Real change always takes time and requires patience and flexibility. Our new clubhouse will probably require a year of planning and construction, and while we have a temporary structure, it is without some of the benefits our members enjoy. We do not have a kitchen that prepares fresh food, and for the first few weeks, we have not had any food available in our temporary structure. Our members have been very supportive, believing that while we have these limitations now, our new clubhouse will be worth the wait. They have been willing to give up the familiar and desirable to eventually have something better. We must do the same when making personal change.

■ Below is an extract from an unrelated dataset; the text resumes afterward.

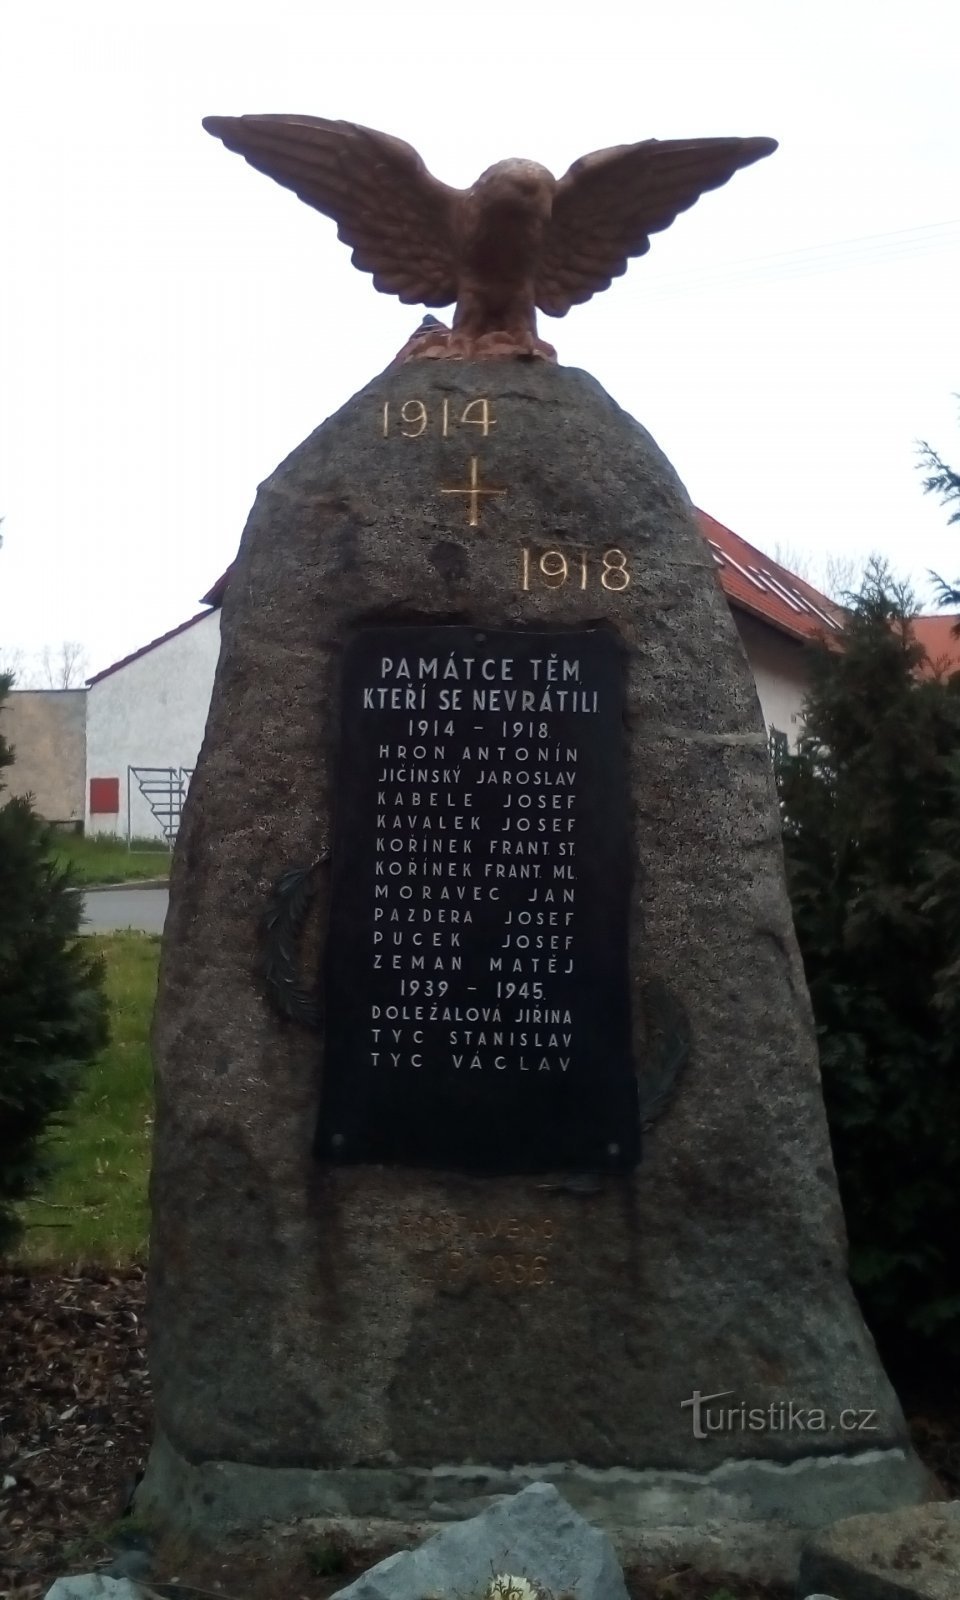 Spomenik palima u Dražkovicama
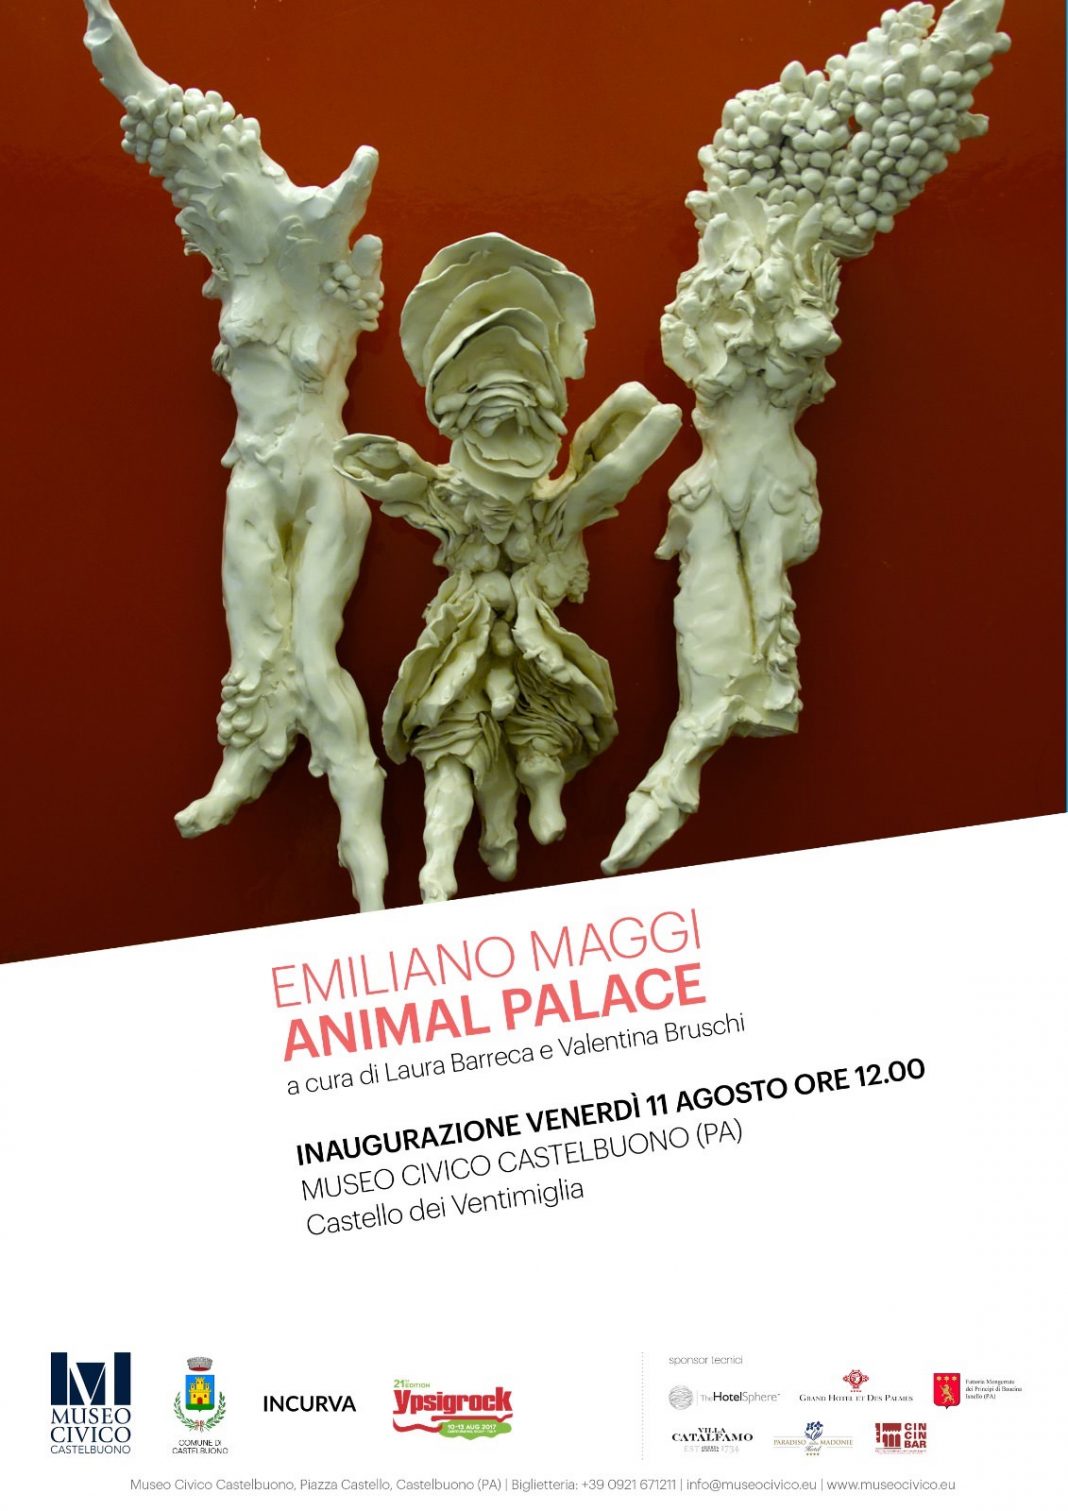 Emiliano Maggi – Animal Palacehttps://www.exibart.com/repository/media/eventi/2017/08/emiliano-maggi-8211-animal-palace-1068x1511.jpg

I have thoroughly enjoyed bread, butter, fried foods, and dessert, and my body is reflective of such. I will miss those familiar and desirable food items, but I believe that the body I can have will be worth the sacrifices. If I maintain the daily disciplines of food control and weight management, my new “building,” my new body, can be built in three months. The changes I must make to have this very reasonable weight loss of two pounds per week will not be easy, but I can do it. I want to do it. I will do it.
What about you? What changes do you plan to make in 2018? What are you willing to give up to have what you say is important to you? Remember, it isn’t enough for us to just commit to what we will do. We must also give up some of the familiar and desirable to have what we want more.
I wish you great success on your journey!